Wednesday, May 18, 2011

World Bank sees end to dollar’s hegemony

By James Politi in Washington Financial Times

Published: May 17 2011 18:41 | Last updated: May 17 2011 18:41

The World Bank expects the US dollar to lose its solitary dominance in the global economy by 2025, as the euro and the renminbi establish themselves on an equal footing in a new “multi-currency” monetary system.

The shift will be driven by the increasing power and strength of emerging market economies, with six countries – Brazil, China, India, Indonesia, Russia and South Korea – accounting for more than half of global growth in 14 years.

According to the World Bank report – released on Tuesday – emerging economies will grow at a rate of 4.7 per cent between now and 2025, a much faster pace than advanced economies which are expected to grow by 2.3 per cent over the same time-frame.
“The balance of global growth and investment will shift to developing or emerging economies,” said Mansoor Dailami, the lead author of the report.

The implications are wide-ranging. For instance, Mr Dailami said this power shift would lead to big boosts in investment flows to the countries driving global growth, with a significant increase in cross-border mergers and acquisitions activity, and a changing corporate landscape in which “you’re not going to see the dominance of established multinationals”.
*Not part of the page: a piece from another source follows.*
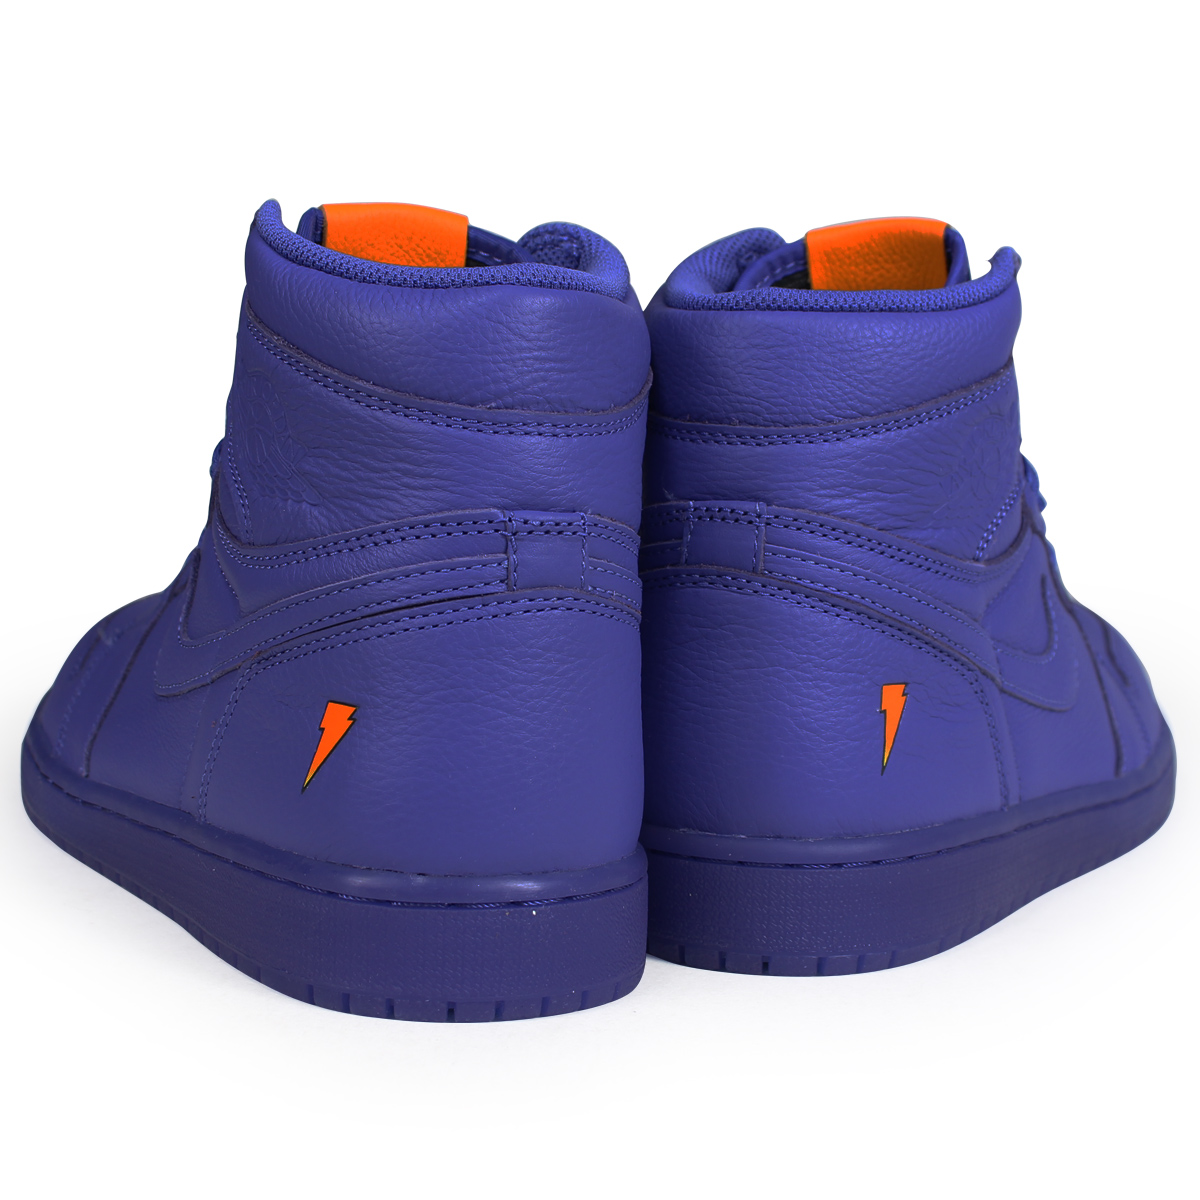 5532502b79a2 NIKE Nike Air Jordan 1 nostalgic high sneakers men AIR JORDAN 1 RETRO HIGH  OG G8RD BE LIKE MIKE GRAPE AJ5997-555 blue
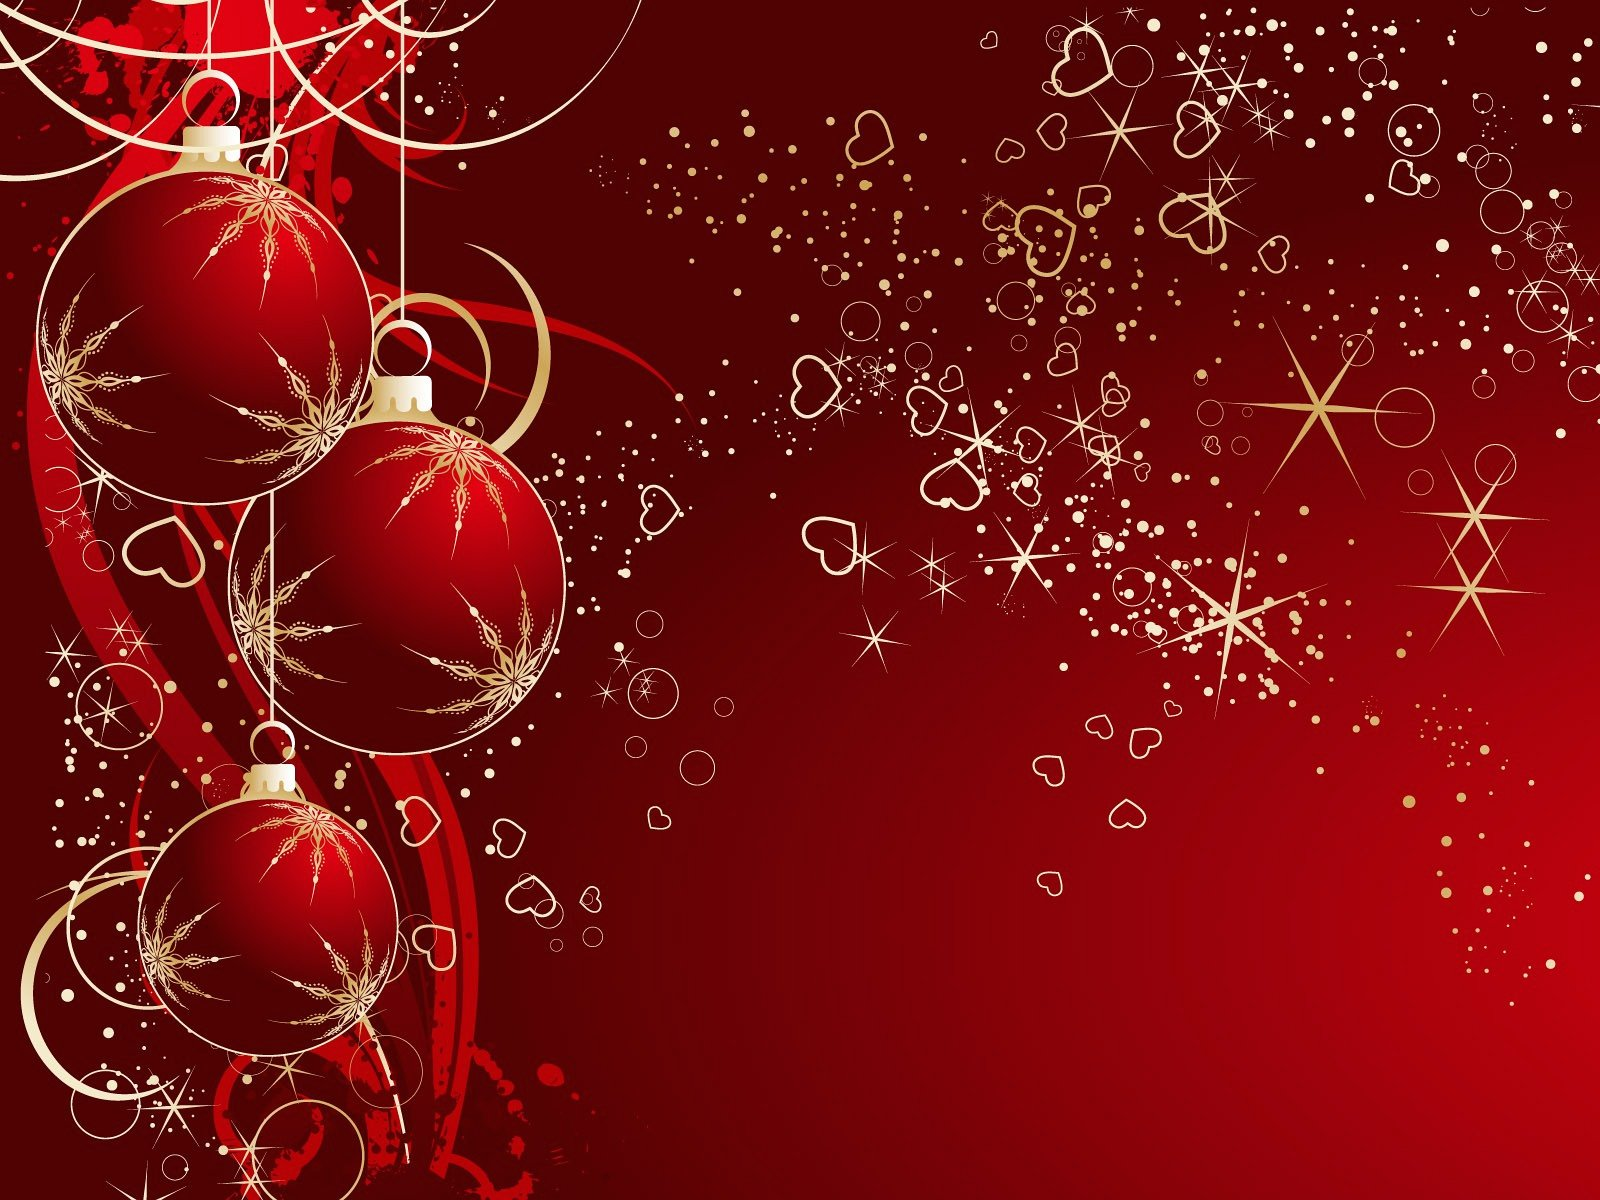 Elegant Christmas Background Hd.49 Elegant Christmas Wallpaper For Desktop On Wallpapersafari

In addition, a different international monetary system will gradually evolve, wiping out the US dollar’s position as the world’s main reserve currency.

“The current predominance of the US dollar would end sometime before 2025 and would be replaced by a monetary system in which the dollar, the euro and the renminbi would each serve as full-fledge international currencies,” the report said, highlighting what it considered the “most likely” of three scenarios for the currency markets in 15 years.

The report identified the euro as the most “credible” rival to the US dollar, with one caveat. “Its status is poised to expand, provided the euro can successfully overcome the sovereign debt crises currently faced by several of its member countries and can avoid the moral hazard problems associated with bail-outs of countries within the European Union,” the report said.

On China, the report noted that authorities there had already started “internationalising” the renminbi by developing an offshore market in the currency and encouraging the use of the renminbi in settling and invoicing international trade transactions.

“A larger role for the renminbi would help resolve the disparity between China’s great economic strength on the global stage and its heavy reliance on foreign currencies,” the report said.
The scenario presented by the World Bank means that financial institutions will have to “adapt fast to keep up,” said Justin Yifu Lin, the group’s chief economist.